Fig. 6c-e showed that the lactate-induced pERK in environmental non-tumor cells partially relied on NDRG3 and MCT1. LX2 and THP1 cells expressed relatively high levels of MCT1 and NDRG3 (Fig. 6c). Silencing NDRG3 or MCT1 in LX2 and THP1 cells reduced the level of lactate-induced pERK (Fig. 6d-e). Low expression levels of MCT1 and NDRG3 in HL7702 cells were consistent with its minor response to lactate (data not shown).
We then explored the effects of an altered lactate/MCT1/NDRG3/pERK axis in LX2 or THP1 cells on the malignancy features of HCC cells (Fig. 7a). HLF-192KO/RFP cells were co-cultured with LX2 cells pre-transfected with si-Ctrl, or si-NDRG3, or si-MCT1 (termed LX2si-Ctrl, LX2si-NDRG3, and LX2si-MCT1, respectively). Wound-healing assay under red fluorescence showed that cell migration of HLF-192KO cells was slower in co-culture with LX2si-NDRG3 or LX2si-MCT1 than in co-culture with LX2si-Ctrl (Fig. 7b). Consistent data were observed in HLF-192KO cells co-cultured with THP1 (Fig. 7b). Moreover, spheroid assays of HLF-192KO cells were performed with different conditioned medium. The number of spheroids of HLF-192KO cells was significantly lower under exposure to conditioned medium from co-culture of HLF-192KO with LX2si-NDRG3 or LX2si-MCT1 than from co-culture of HLF-192KO with LX2si-Ctrl (Fig. 7c). CD44+ and CD24+ HLF-192KO populations were also significantly reduced when they were co-cultured with LX2si-NDRG3 or LX2si-MCT1 (Fig. 7d, Supplementary Fig. S8c). As a control, HLF-192KO with overexpressed miR-192-5p did not exhibit much alteration on migration, spheroid formation and CSC populations when co-culturing with different LX2 cells (Fig. 7b-d). In addition, we have also used the second set of siRNAs for NDRG3 and MCT1 and consistent data were obtained (Supplementary Fig. S9). Therefore, in co-culture system, blocking a lactate/ERK pathway in HCC environmental cells suppressed the malignancy and stemness features of HCC cells.

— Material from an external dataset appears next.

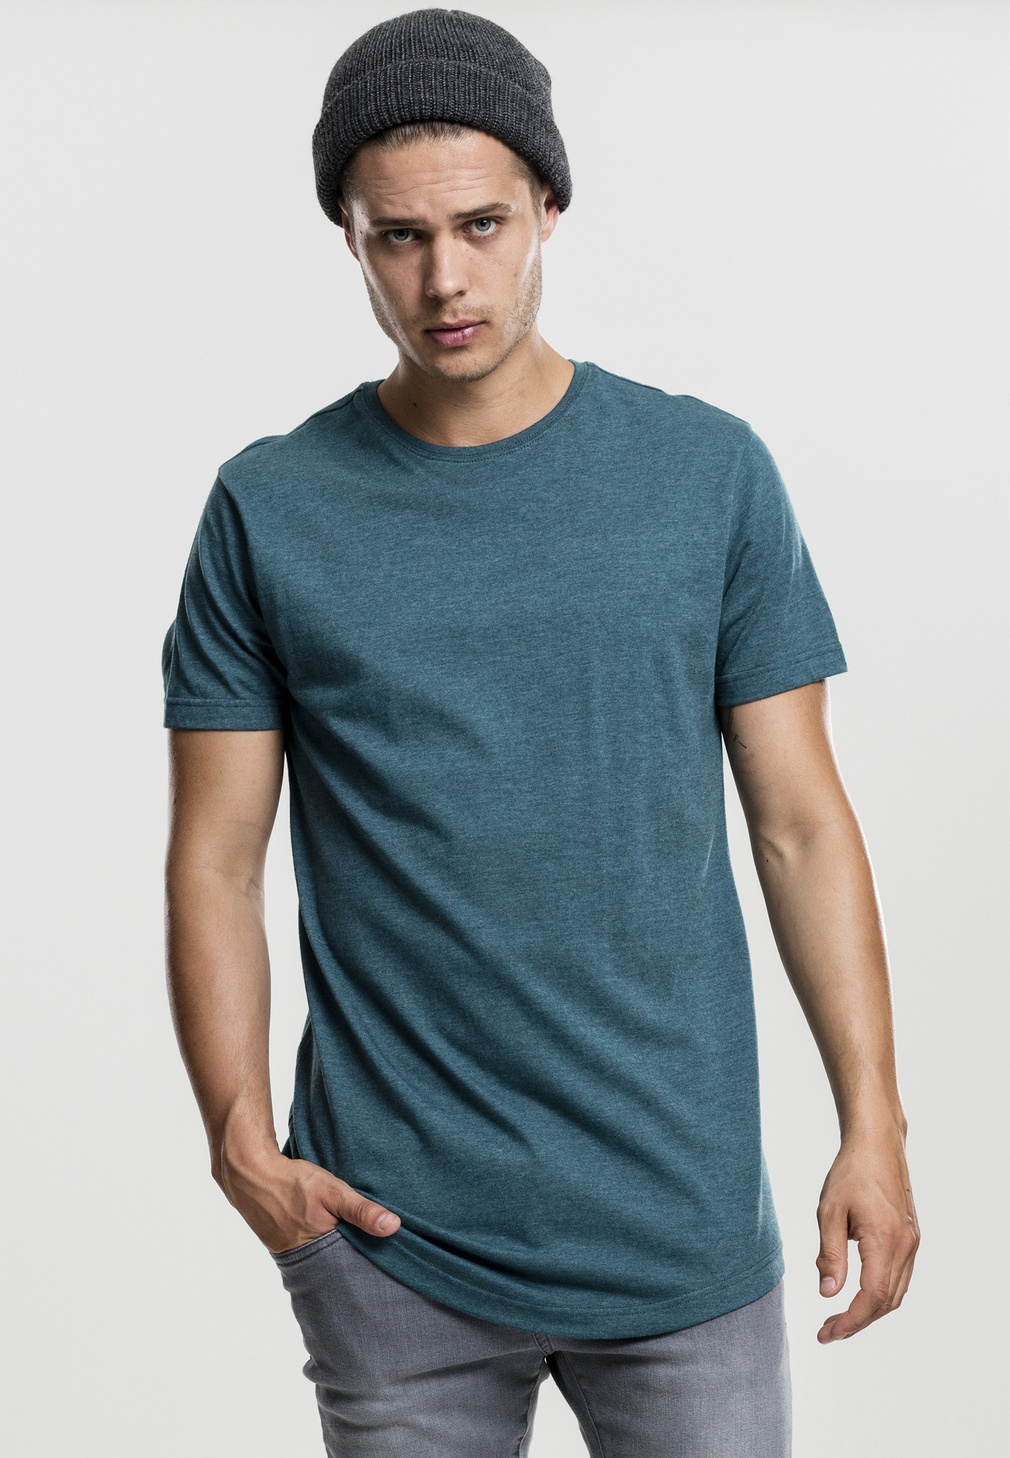 Urban Classics T-Shirt Shaped Melange Charcoal | T-Shirts | Tops Tee Long / | Lifestyle Herren

In both HCC cohorts, patients were divided into four groups based on miR-192-5p expression in their tumor (HCC192Low and HCC192High, medium cut-off) and levels of NDRG3 and MCT1 in non-tumors (NTHigh_NDRG3 or MCT1 and NT Low_NDRG3 and MCT1, medium cut-offs). There was no expressional difference of NDRG3 or MCT1 in non-tumors between HCC192Low and HCC192High patients (Fig. 7e, Supplementary Fig. S10a). In Cohort 1, patients with HCC192High NTLow_NDRG3 and MCT1 had the best prognosis, as shown by a prolonged time to recurrence and overall survival. In HCC192Low subgroup, patients with NTHigh_NDRG3 or MCT1 had worse prognosis compared to patients with NTLow_NDRG3 or MCT1 (Fig. 7f). Similar but less significant data were obtained from Cohort 2, which might be due to the limited number of patients (n=49) with available non-tumor mRNA reading (Supplementary Fig. S10b). GSEA analysis in HCC192Low patients revealed that several stem cell related gene-sets were enriched in patients with NTHigh_NDRG3 or MCT1 (Supplementary Fig. S10c-d). Together, when HCC cells with miR-192-5p loss surrounded by environmental non-tumors with high MCT1 or NDRG3 expression, they presented a highly malignant feature.